The financial, social, and physical strains of housing insecurity and homelessness also make it harder for people to take simple steps to stay healthy, like getting a good night’s sleep or staying on top of chronic conditions like diabetes.
After eviction or foreclosure, some people may seek refuge in homeless shelters or move into shared lodgings with family members, friends, or other renters.
Crowded conditions in shelters and other shared residences facilitate the spread of infectious diseases, including COVID-19.
“Shelters contend with the problem of overcrowding, making the 6-foot perimeter [for physical distancing] nearly impossible,” Barocas said.
“Additionally, they lack personal protective equipment for both shelter guests and staff, which places people at higher risk of transmission,” he continued.
When clinicians and researchers in Boston implemented a COVID-19 care model for people experiencing homelessness in the city, they identified a cluster of 22 people with the disease living at a single shelter.
This led investigators to test every person living at that shelter for the virus, including those with no reported symptoms. The results: 36 percent of shelter residents tested positive for an infection.
Even before COVID-19, many Americans struggled to afford housing.
According to the Joint Center for Housing Studies at Harvard University, nearly half of renter households spent more than 30 percent of their income on housing costs each month in 2018.
More than 10 million renter households spent more than 50 percent of their income on housing.
Now COVID-19-related job and wage losses are compounding the financial challenges that many renters face.
A recent U.S. Census Bureau Household pulse survey found that 18.3 percent of renter households reported being unable to pay rent on time in July.
The same survey found that about 33 percent of renter households had slight or no confidence in their ability to pay rent on time in August. Among renter households with children, that proportion increased to 43 percent.
Black and Hispanic respondents were more likely than white respondents to report a lack of confidence in their ability to pay rent. This may partly reflect the disproportionate impact that COVID-19 has had on employment rates among Black and Hispanic Americans.
To help address the worsening housing crisis, Barocas told Healthline that expansive action by government policymakers is needed.
“First, there needs to be an immediate extension of the eviction moratorium, which also needs to be coupled with rent relief upon its expiration,” Barocas said.
“Second, we need to provide increased funding for the temporary and permanent expansion of the shelter system,” he continued.
Barocas would also like policymakers to direct more resources toward COVID-19 testing and contact tracing among people living in shelters.
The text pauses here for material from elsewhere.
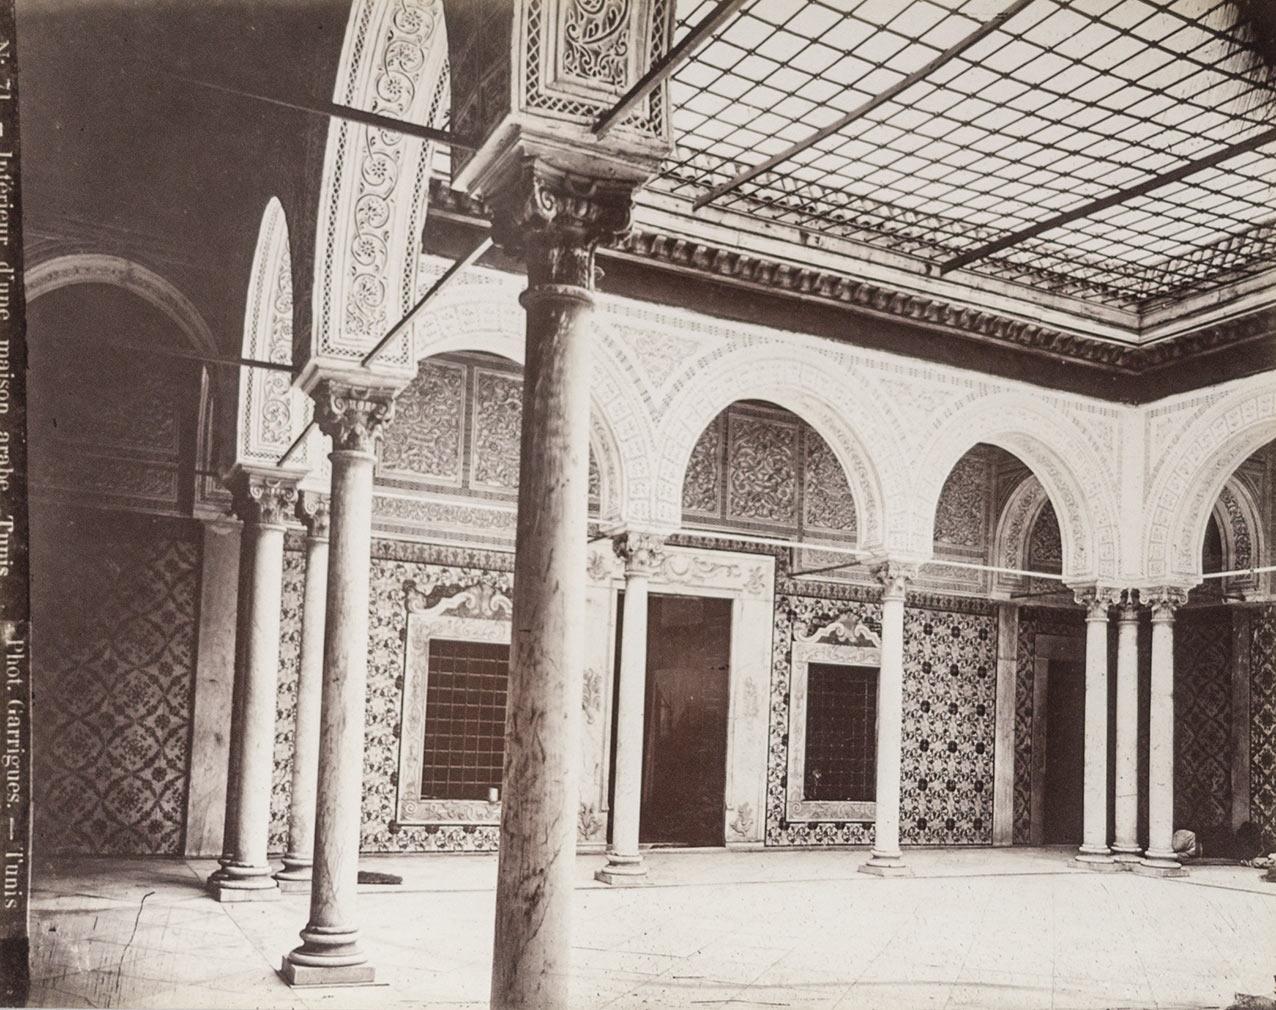 Tunis. Interieur d une maison arabe, Tunis. Original-Fotografie ...

People with COVID-19 who are unhoused also need safe spaces to isolate and recover.
Tsai told Healthline that economic recovery and public health both depend on efforts to stop the spread of the new coronavirus that causes COVID-19.
“Until we control the virus, the virus will control the housing market, the labor market, the healthcare market, our schools, and pretty much everything else,” Tsai said.
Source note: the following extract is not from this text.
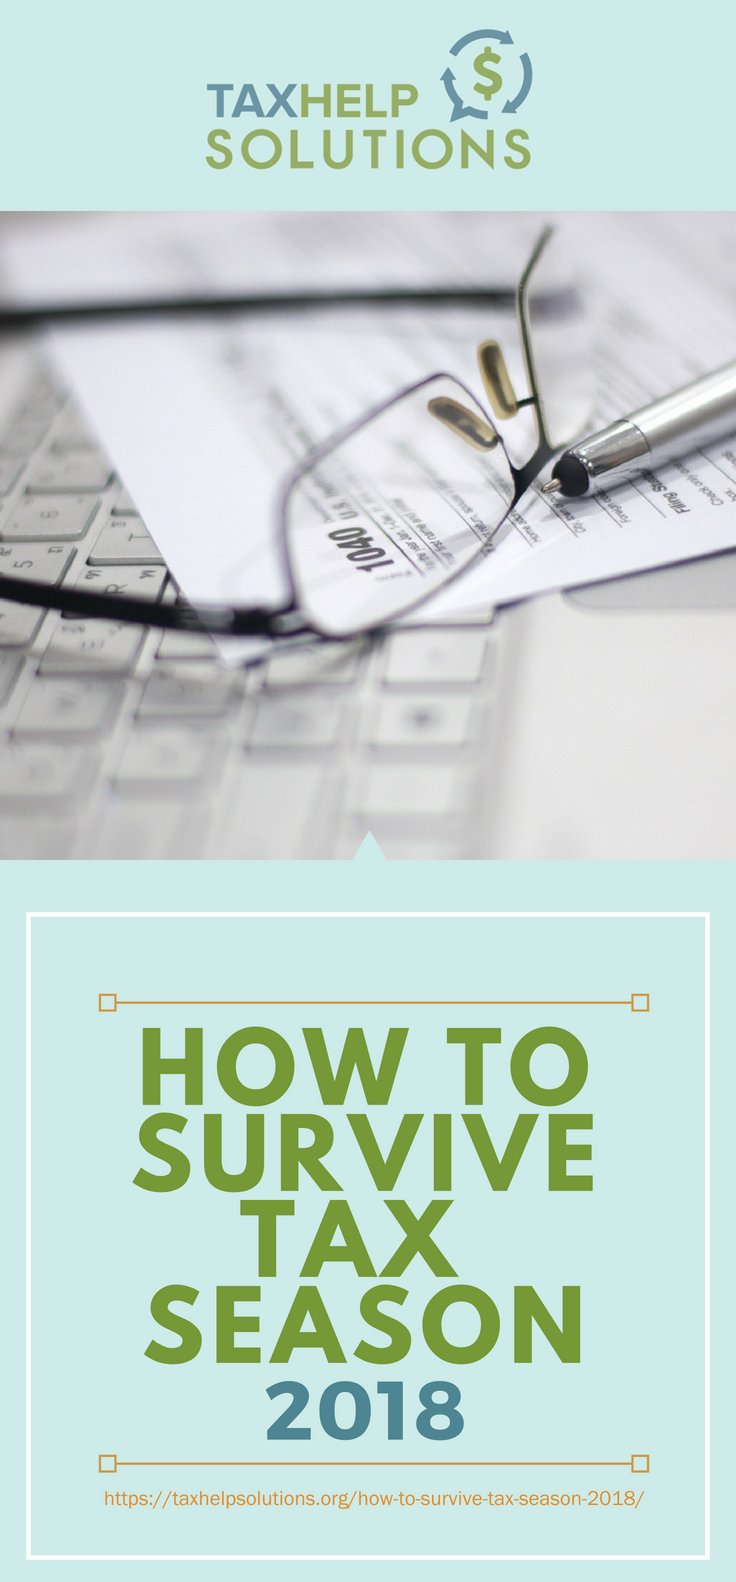 How To Survive Tax Season 2018 Tax Season Tax Help Tax

Tsai also says paying people to stay home from work is a smart strategy for limiting the spread of the virus while mitigating the economic effects on community members.
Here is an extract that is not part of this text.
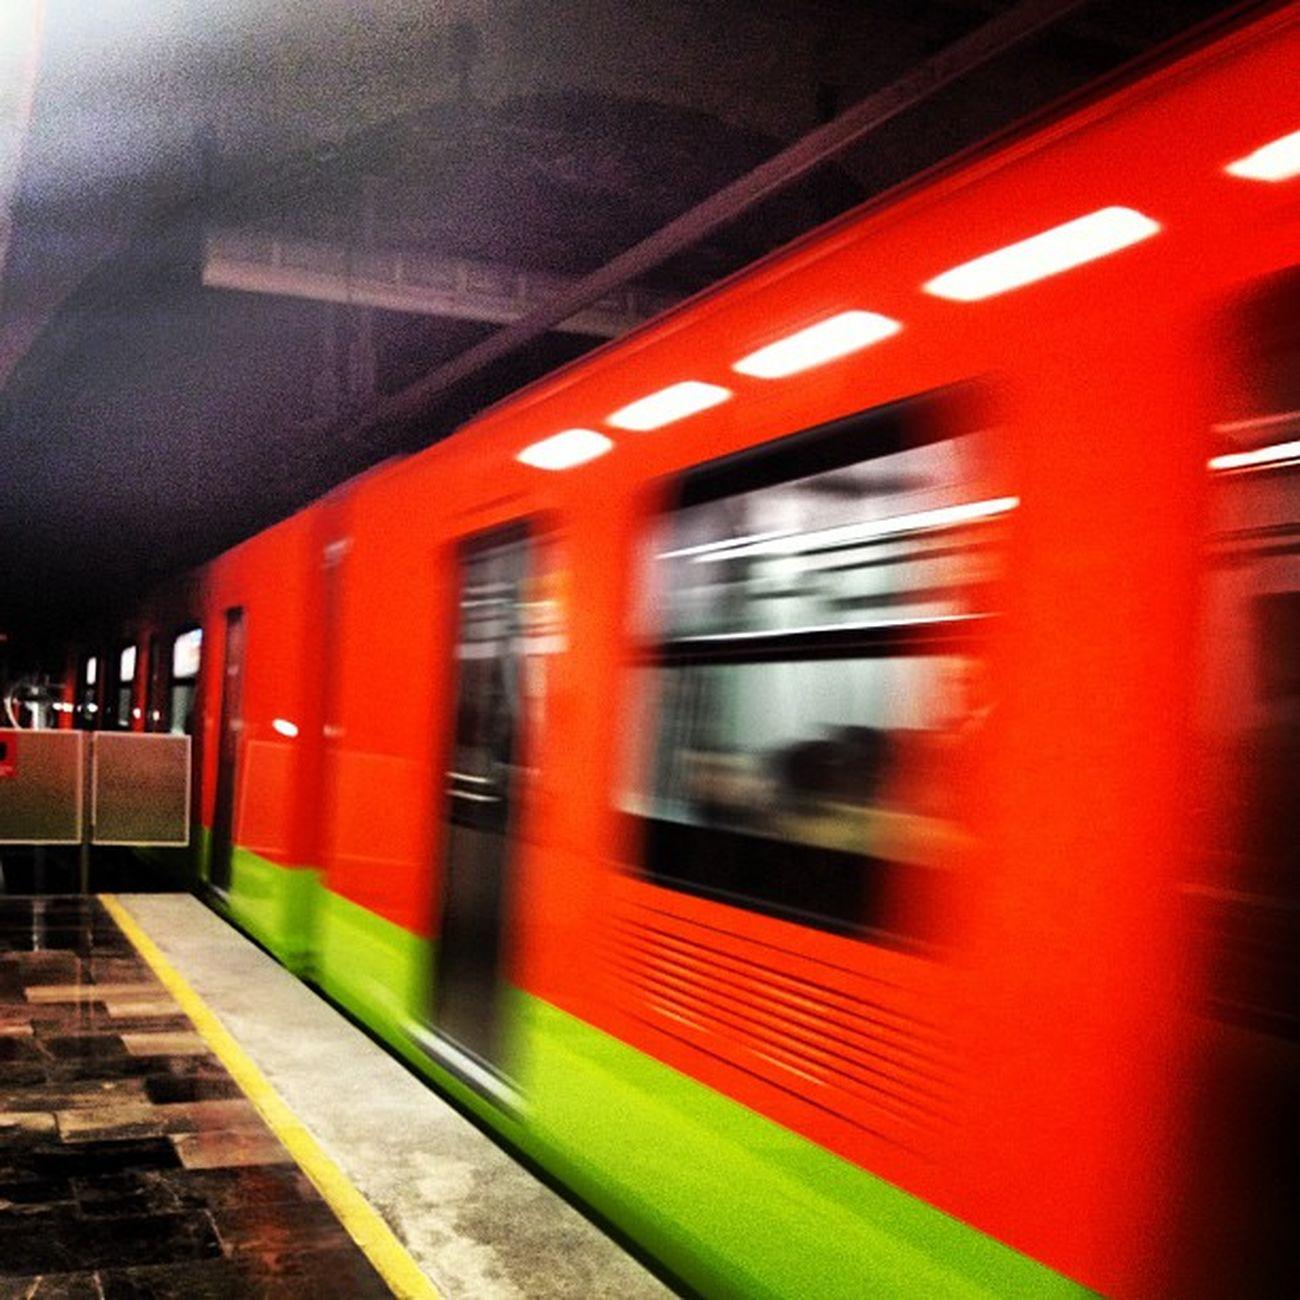 #igers #igersdf #proyectodf #metro #subway #underground #linea12 #df #veloz #travel #mexico Proyectodf Mexingers Subway Igersgdl Metro Compartetuimagen Downtown Linea12 Underground Tranporte Travel Veloz Mexico Traveler Df Mextagram Igers Tranport Igersmexico Igersmty Igersdf

The CARES Act, which expired on July 31, included an enhanced unemployment benefit, along with the limited moratorium on evictions and other economic stimulus measures.
“The enhanced unemployment benefit that recently expired was a huge benefit to Americans that was probably one of the soundest economic policies for combined eviction and COVID prevention that we could have come up with,” Tsai said.
Federal lawmakers have yet to pass a new economic relief package since the CARES Act expired.